The copy has to match the data exactly and leave out every picture.

§ INFORMATION SUPPLIED
___

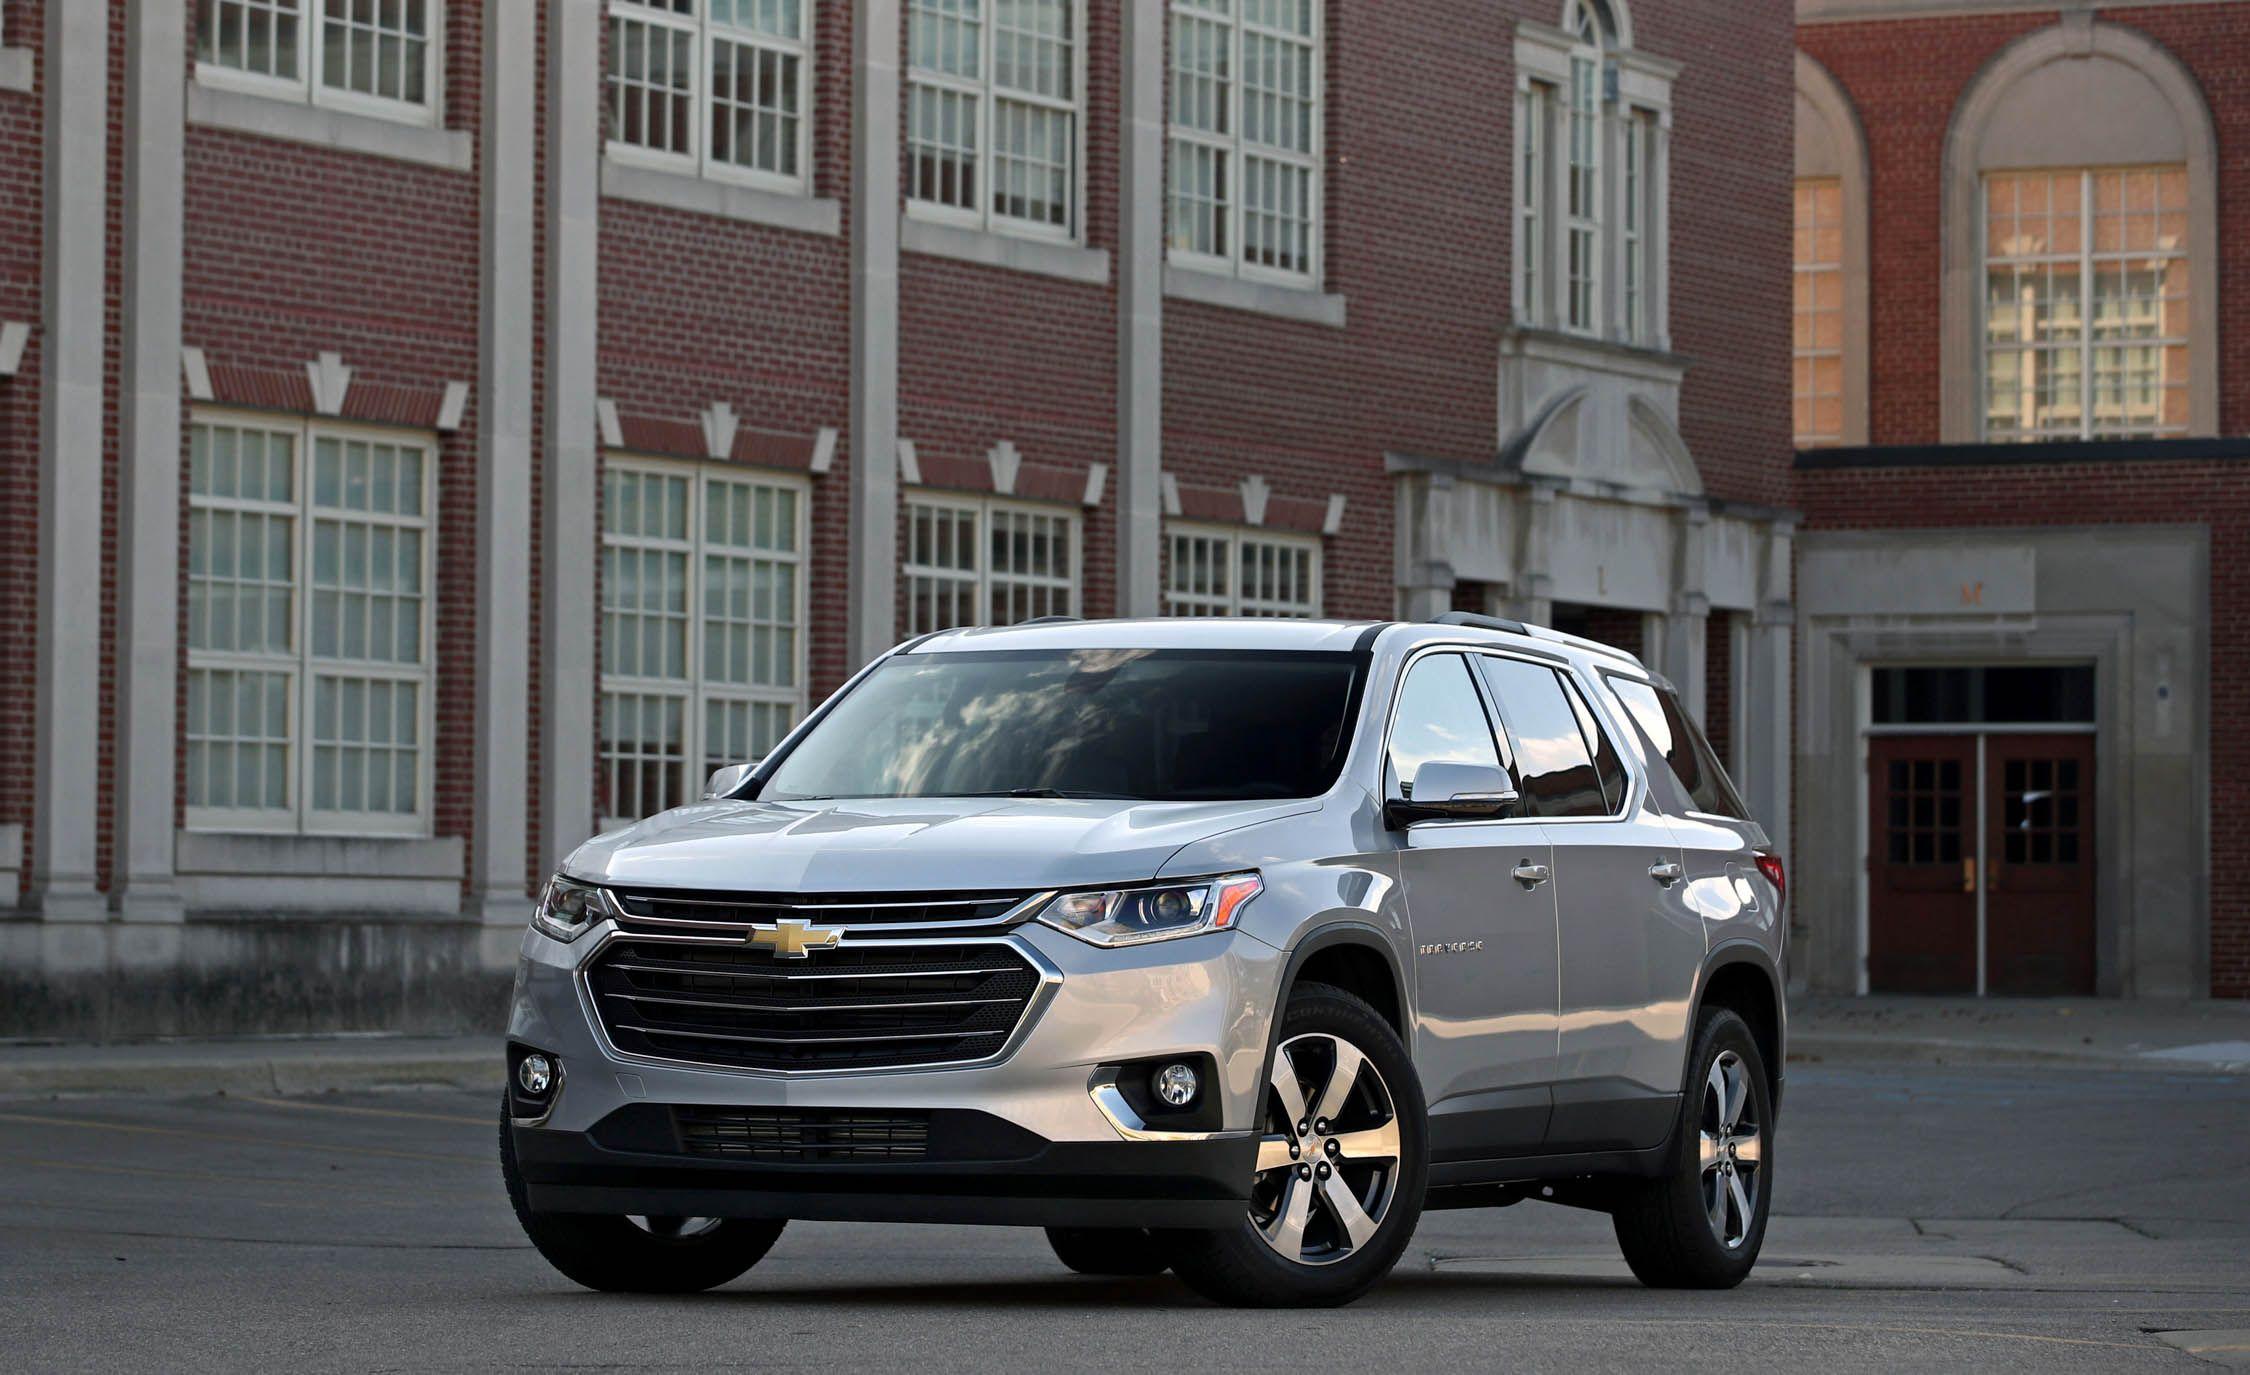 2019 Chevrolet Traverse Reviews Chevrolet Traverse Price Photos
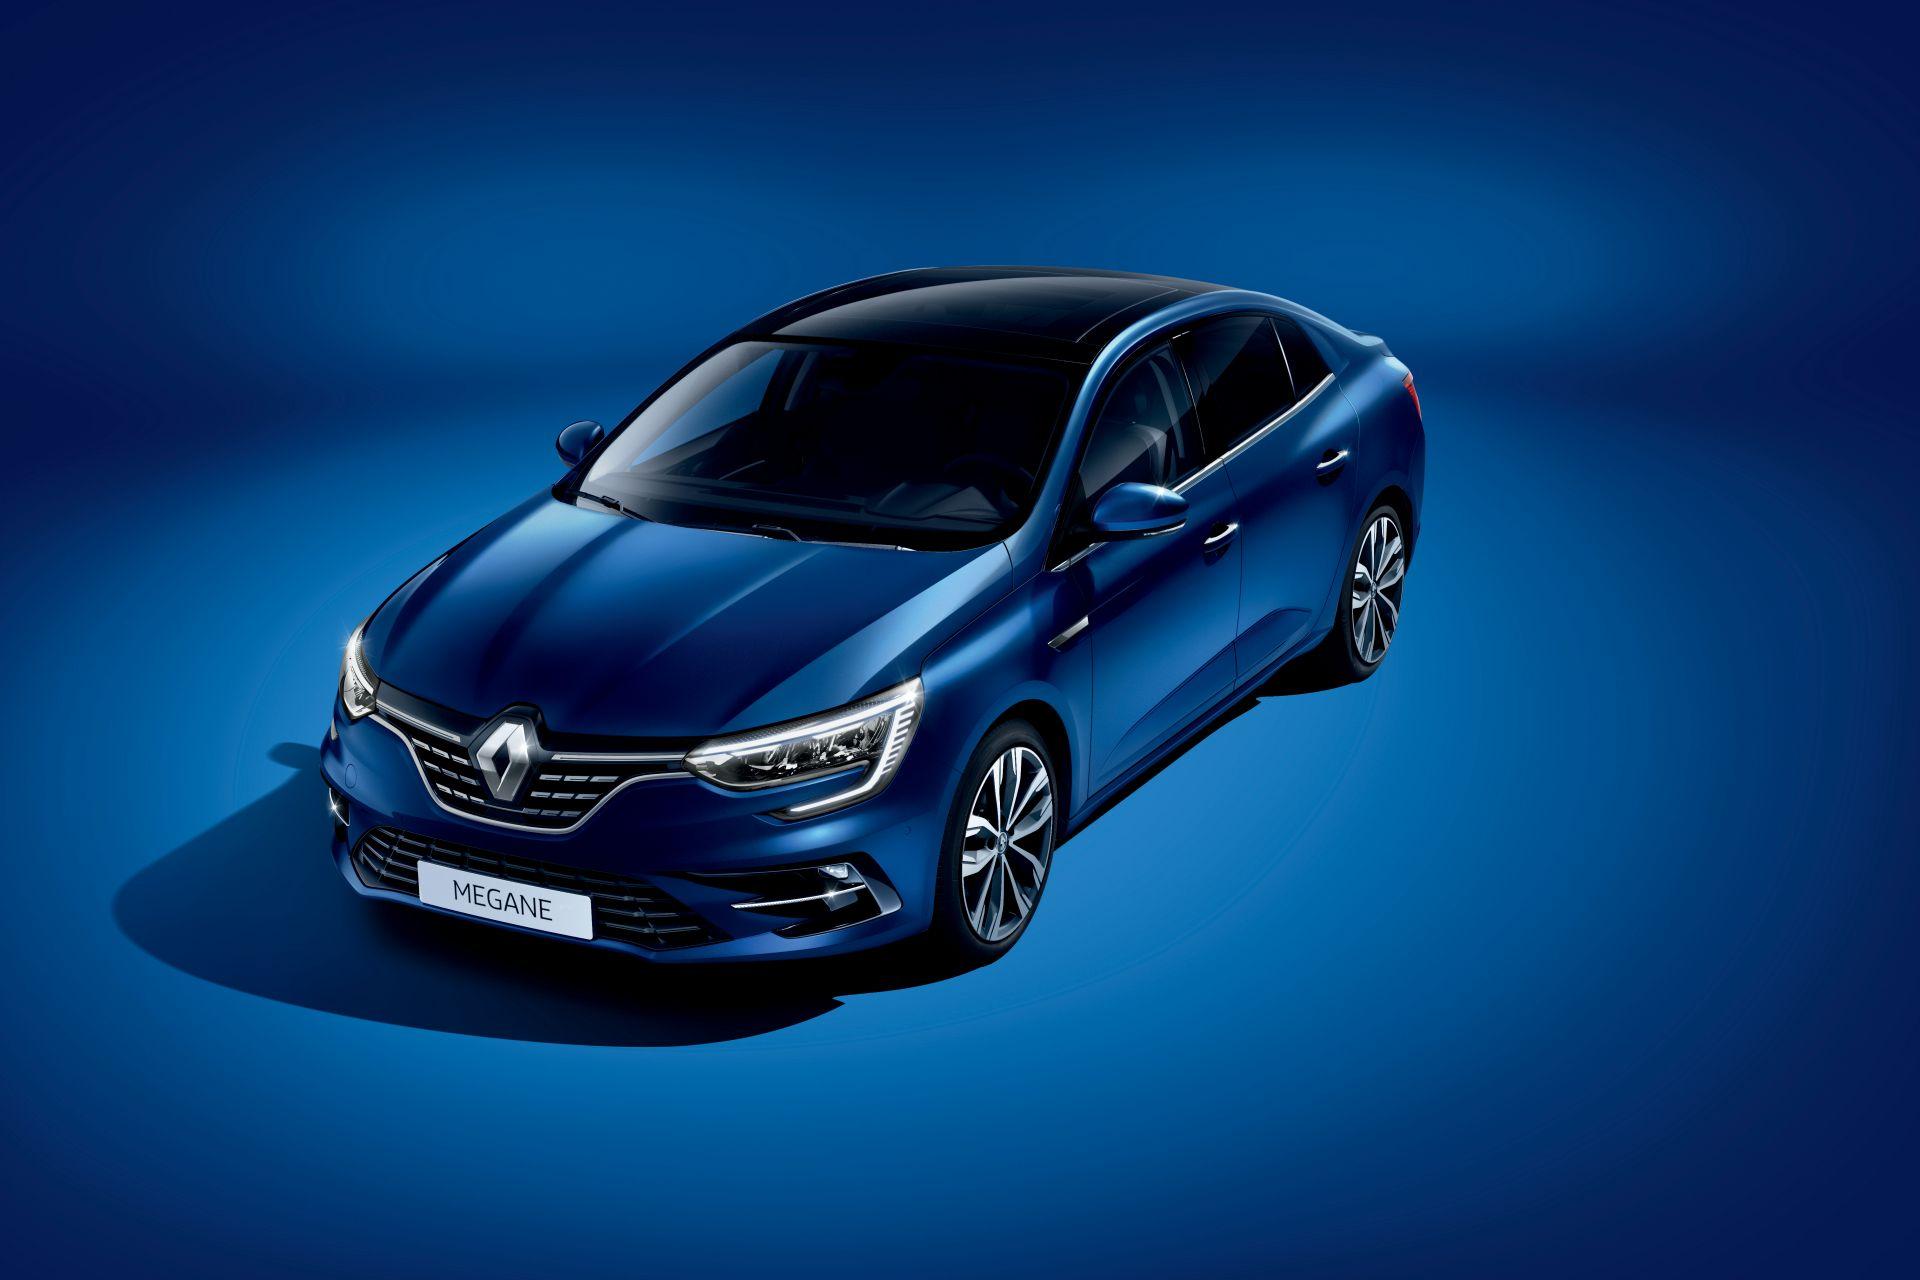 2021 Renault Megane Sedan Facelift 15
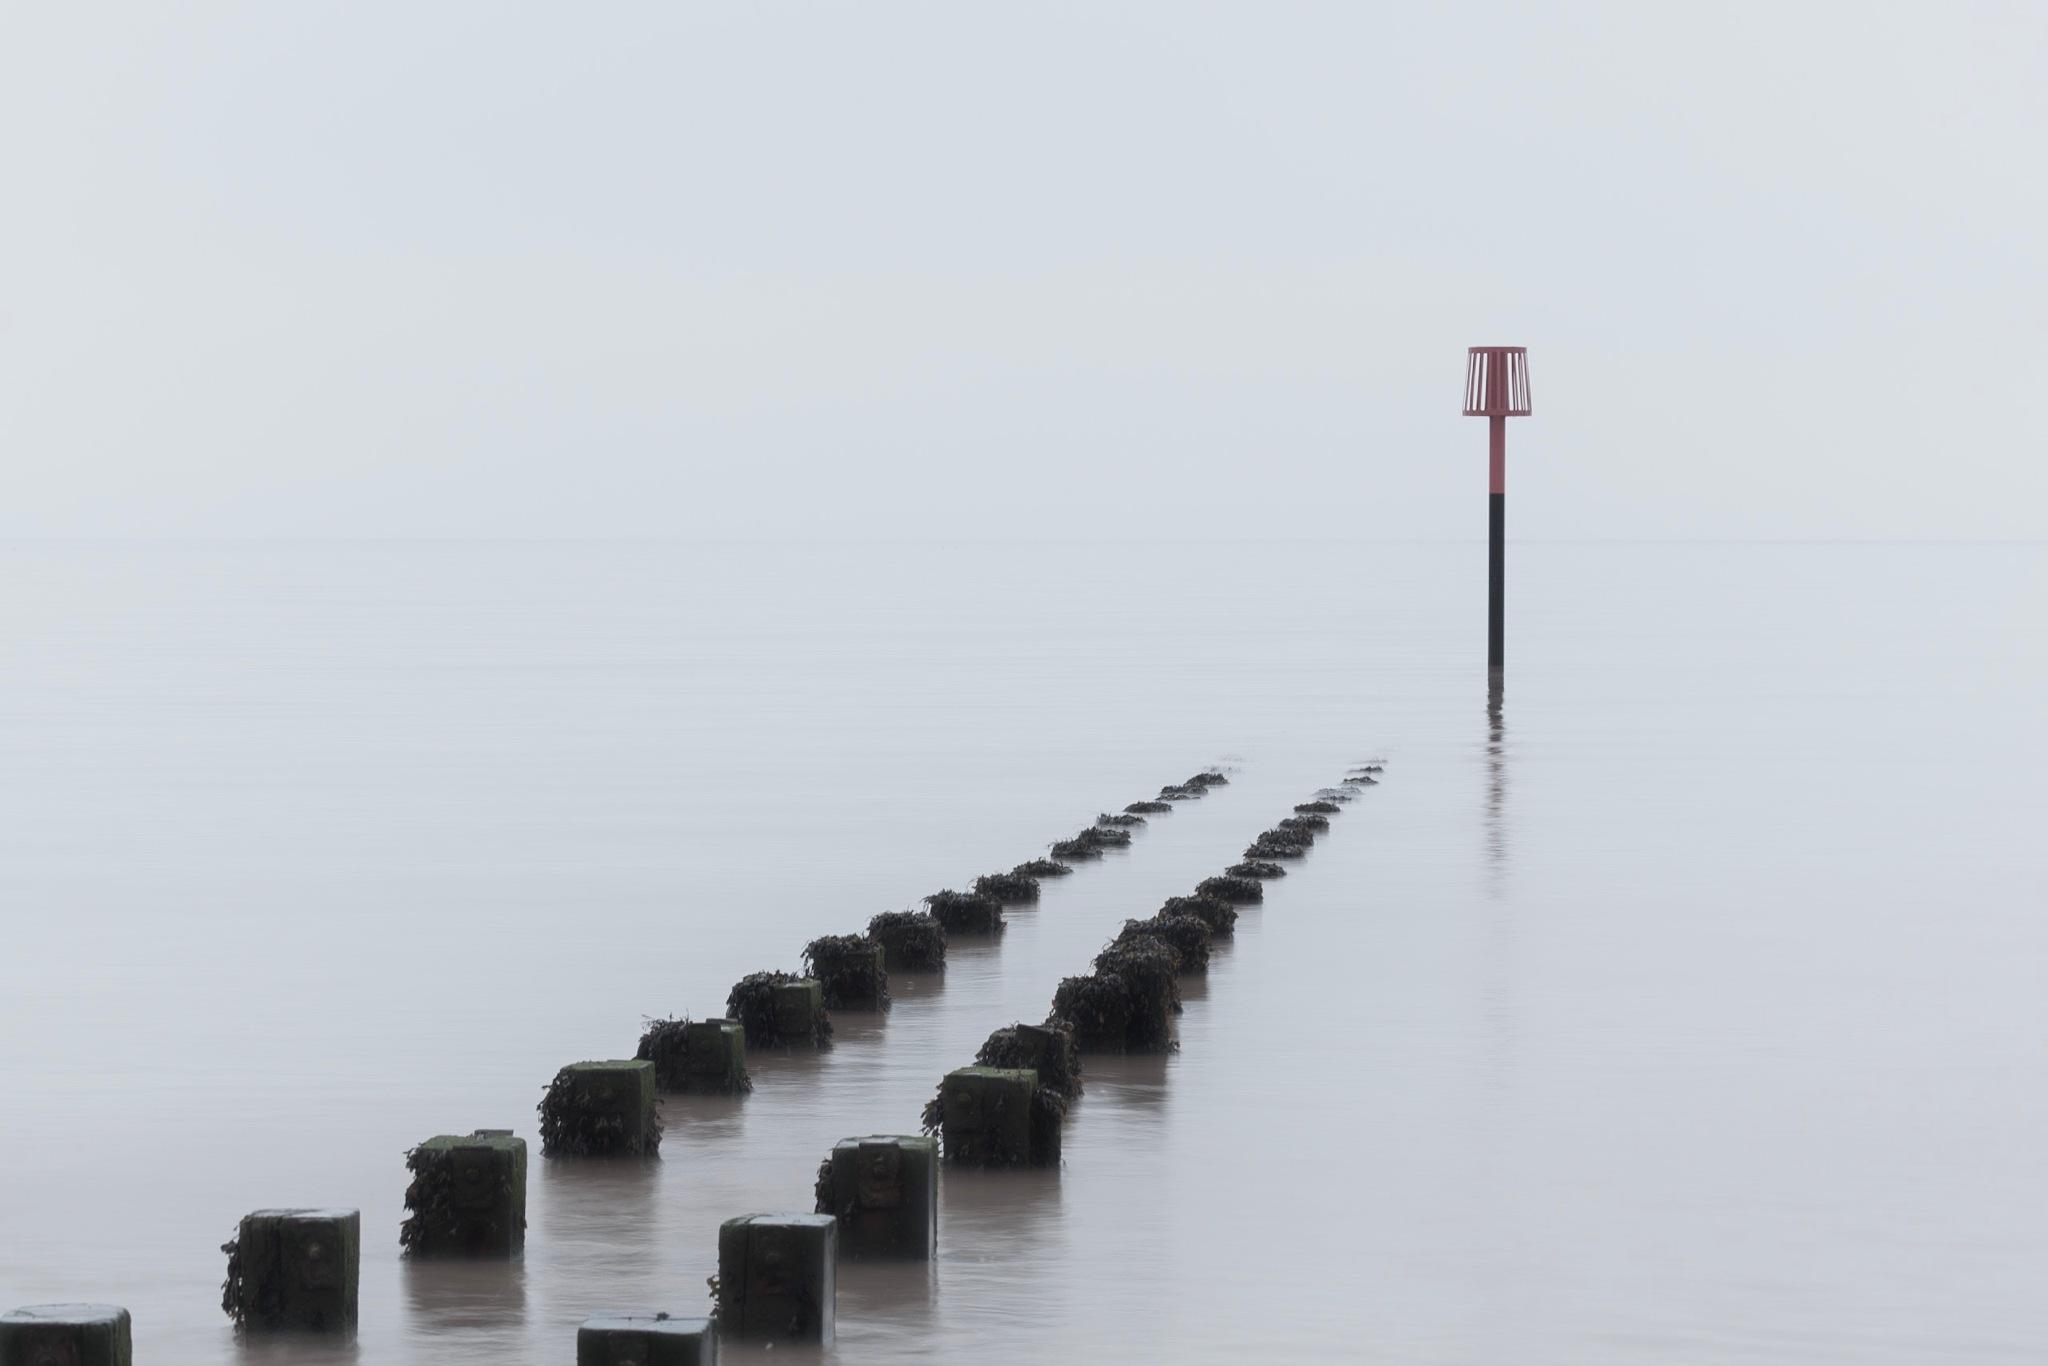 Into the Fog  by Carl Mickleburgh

___

§ WRITTEN ANSWER
 2019 Chevrolet Traverse Reviews Chevrolet Traverse Price Photos
 2021 Renault Megane Sedan Facelift 15
 Into the Fog  by Carl Mickleburgh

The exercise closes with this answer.